Askeladd is a satellite field of the Snøhvit Field and developed as a subsea tie-in to the Snøhvit facility and Hammerfest LNG.

"Askeladd is now producing, the gas will help extend plateau production from Hammerfest LNG on Melkøya up tothree years," says Thor Johan Haave, Equinor’s vice president operations & maintenance, Hammerfest LNG.

During normal production, Hammerfest LNG (HLNG) delivers 18.4 million standard cubic metres of gas per day, or 6.5 billion cubic metres per year. This corresponds to the needs of around 6.5 million European households, or 5% of all Norwegian gas exports.

"HLNG delivers significant volumes to customers in Europe, and the gas from the Barents Sea reinforces our position as a predictable and reliable gas supplier.
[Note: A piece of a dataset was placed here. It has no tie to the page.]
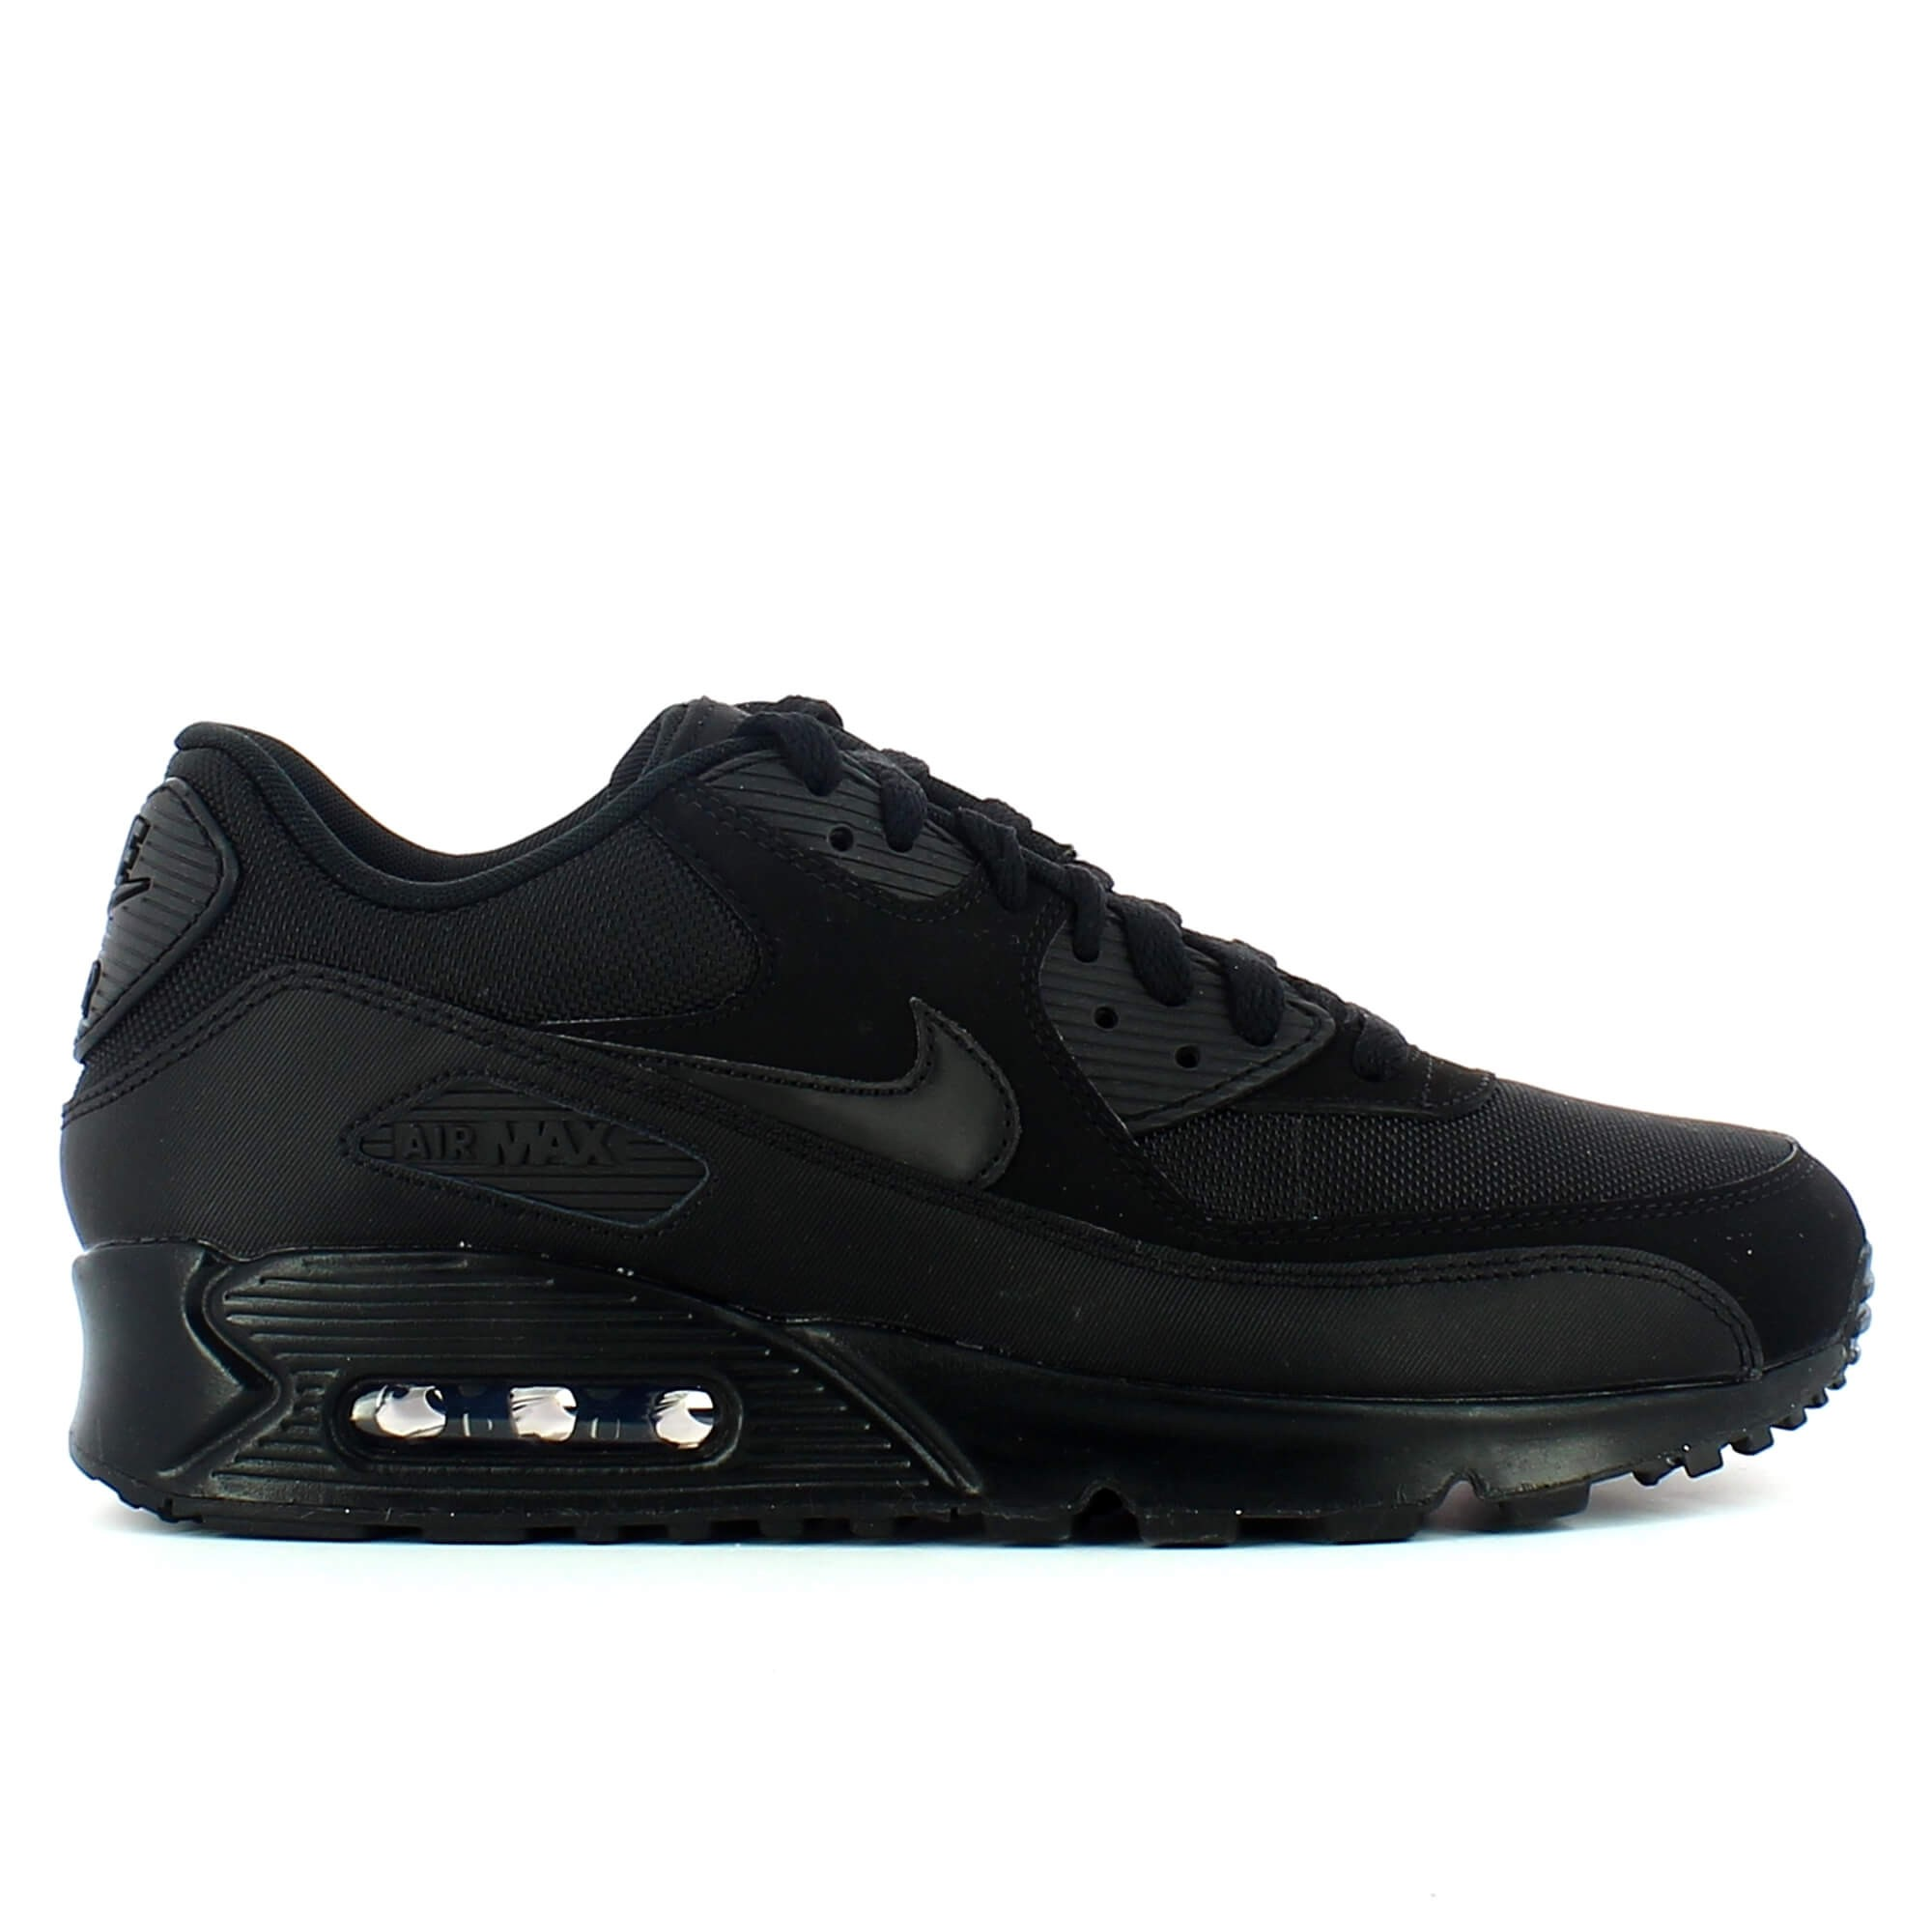 Zapatillas Nike Air Max 90 Essential negro negro hombre ...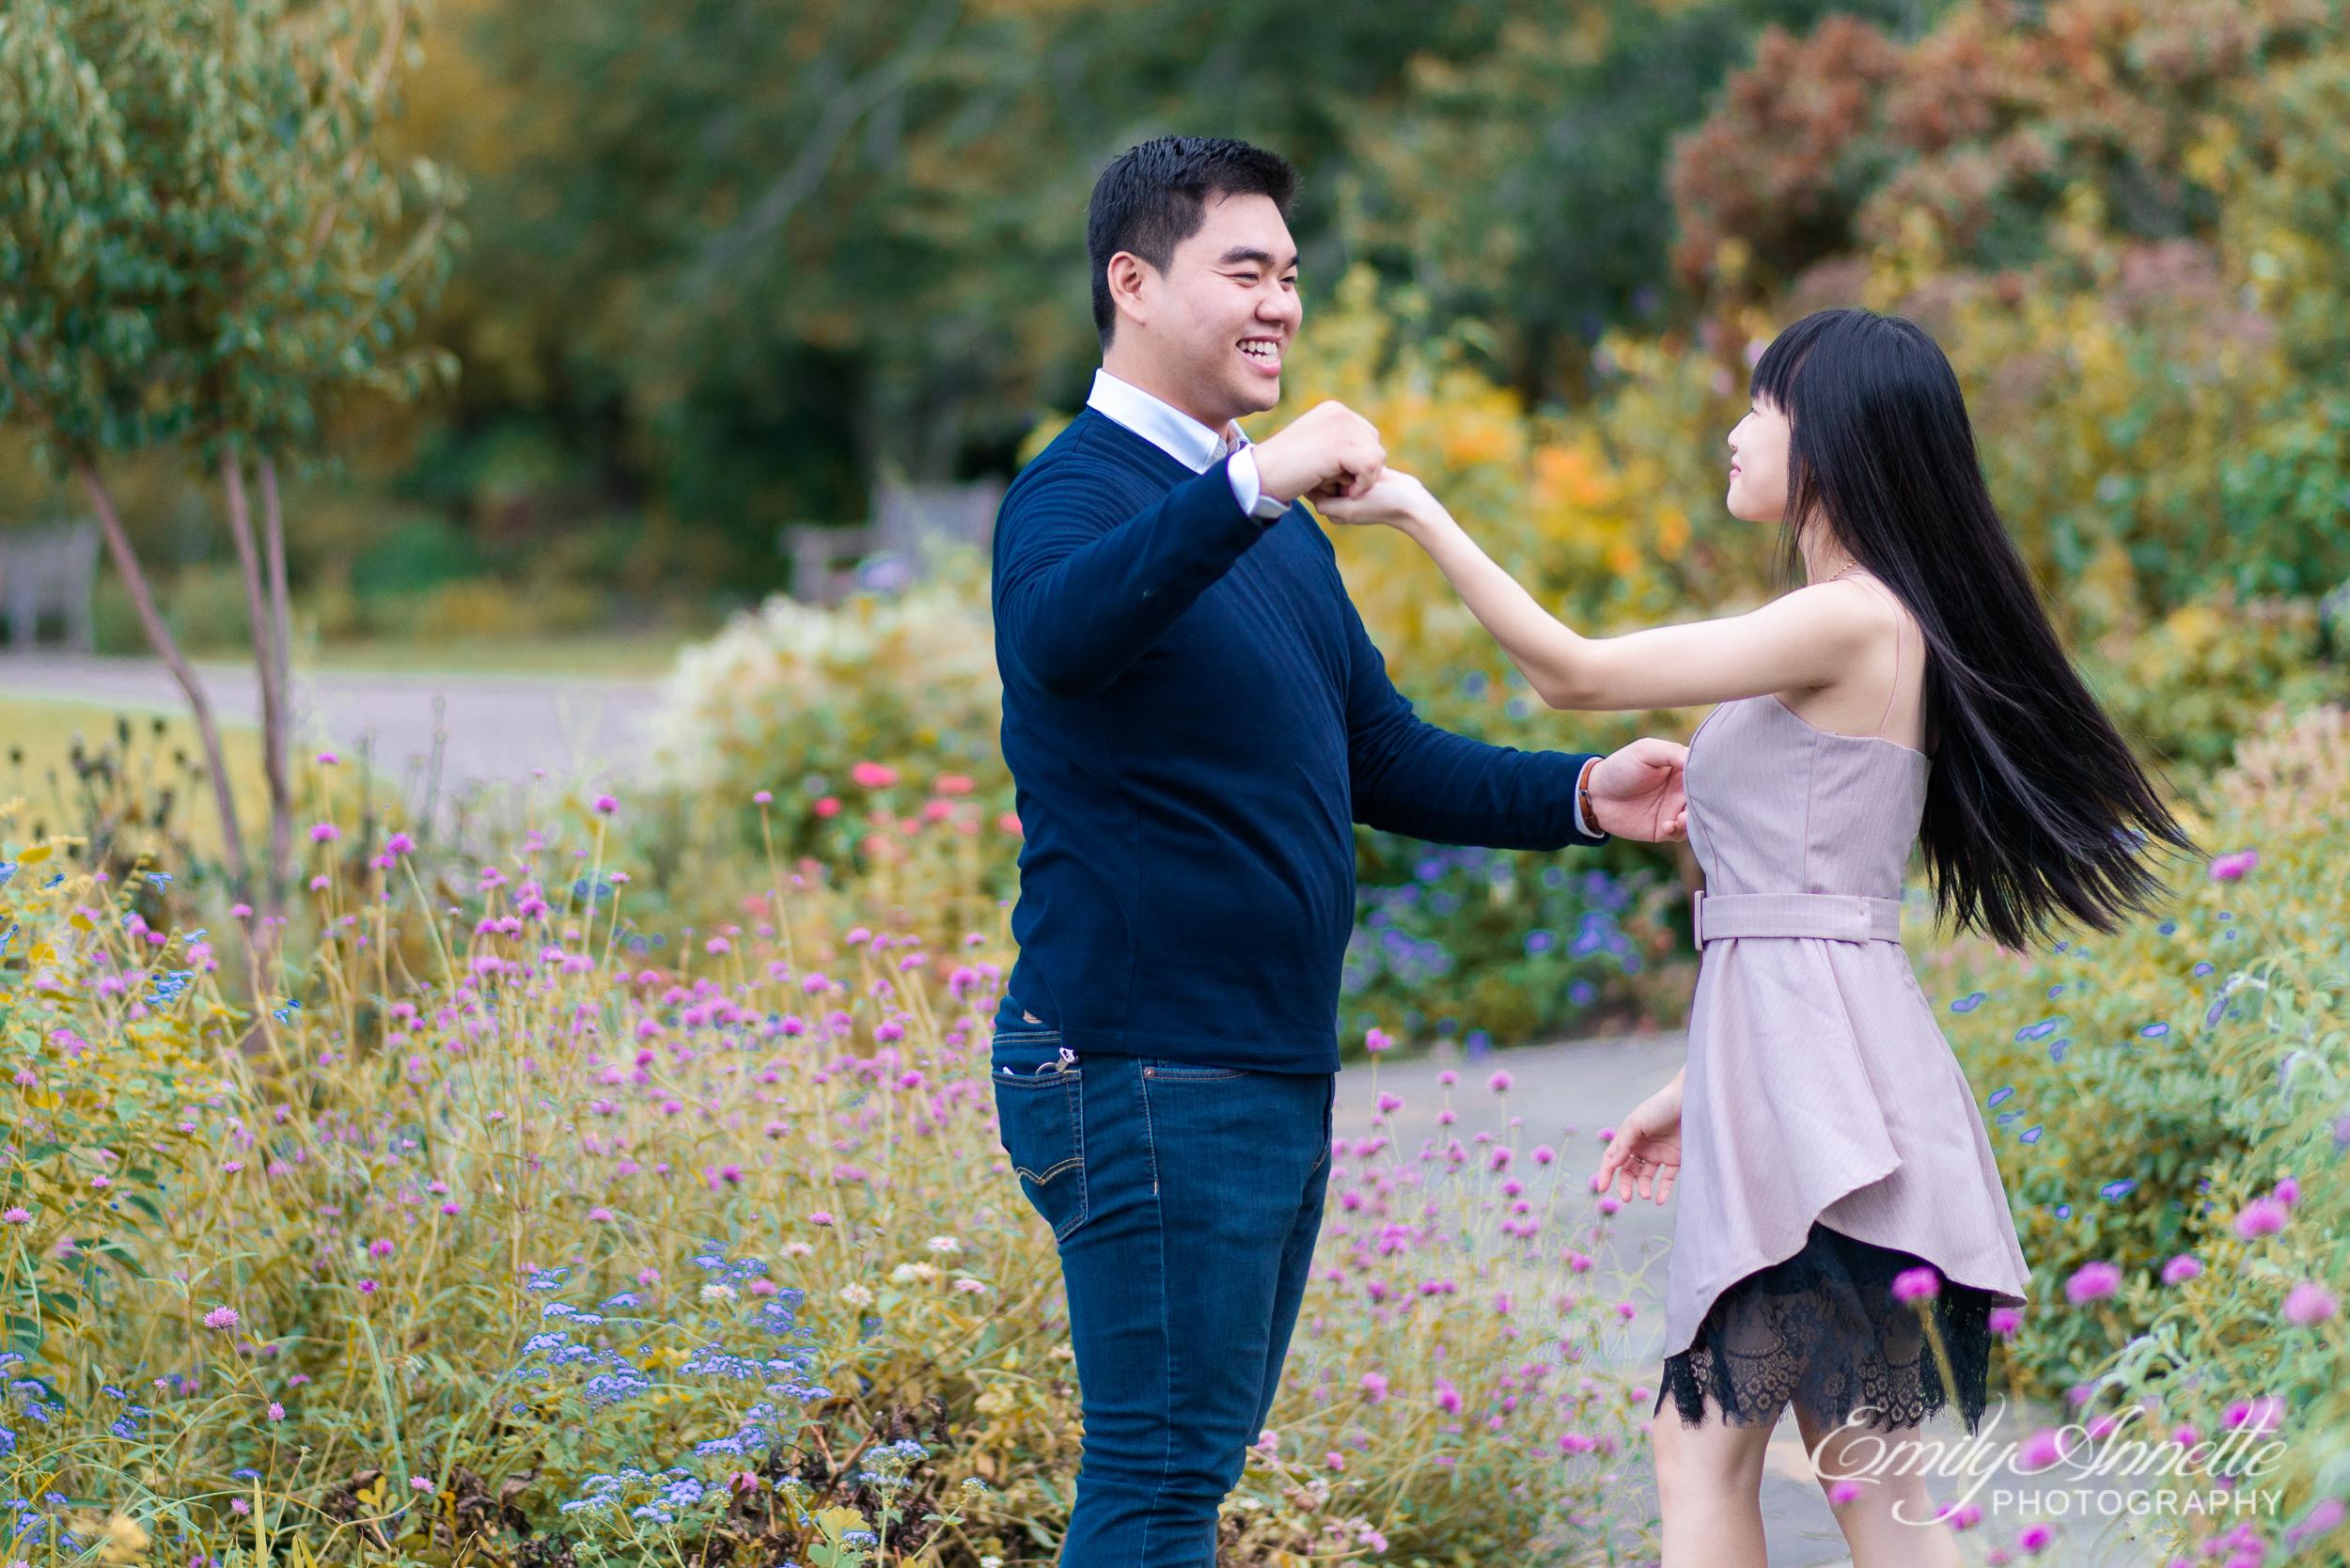 A young couple dance in the gardens at Green Spring Gardens Park in Fairfax, Virginia

Askeladd and other projects in the region will ensure further value creation and production from HLNG for decades,” Haave adds.

The project was originally completed in 2020, but start-up had to wait until the Melkøya plant resumed operations after the fire the same year. The development was delivered on schedule and NOK 650 million below the cost estimate of NOK 5.2 billion.

"Just over 1.5 million person-hours of work have gone into the project, most of them performed by our suppliers. During the project period, Askeladd generated 250–300 person-years of work in Northern Norway, mainly in Hammerfest. In addition, many employees and suppliers have helped restart Hammerfest LNG, which makes it possible to phase in both Askeladd and future projects," says Trond Bokn, Equinor's senior vice president for project development.

Askeladd is the first of several projects in the further development of the Snøhvit field and the infrastructure around HLNG. Next up is Askeladd West with two new wells tied back to existing infrastructure, before further development continues with onshore compression and electrification through the Snøhvit Future project.

Aker BP’s board approves field development projects

Aker BP’s board has approved that the operator Aker BP will vote in favour of submitting Plans for Development and Operation (PDO) for the NOAKA field development project, the Valhall PWP-Fenris project, the Skarv Satellite Project and the Utsira High projects.

The final approvals to submit the PDOs are expected to take place in the respective licences during the first half of December, after which the PDOs will be submitted to Norwegian authorities.

Net to Aker BP, the oil and gas resources in the projects are estimated to approximately 730 million barrels of oil equivalent, in line with the company’s July strategy update when adjusting for the previously announced postponement of the Wisting project.

Aker BP’s share of the investments in the projects are estimated to approximately USD 19 billion (nominal) in the period 2023-2028, and the corresponding average break-even oil price is estimated to USD 35-40 per barrel (calculated with 10 percent discount rate and accounting for the announced changes to the Norwegian Petroleum Tax adding on average USD 5-6/bbl to the break-even of the projects).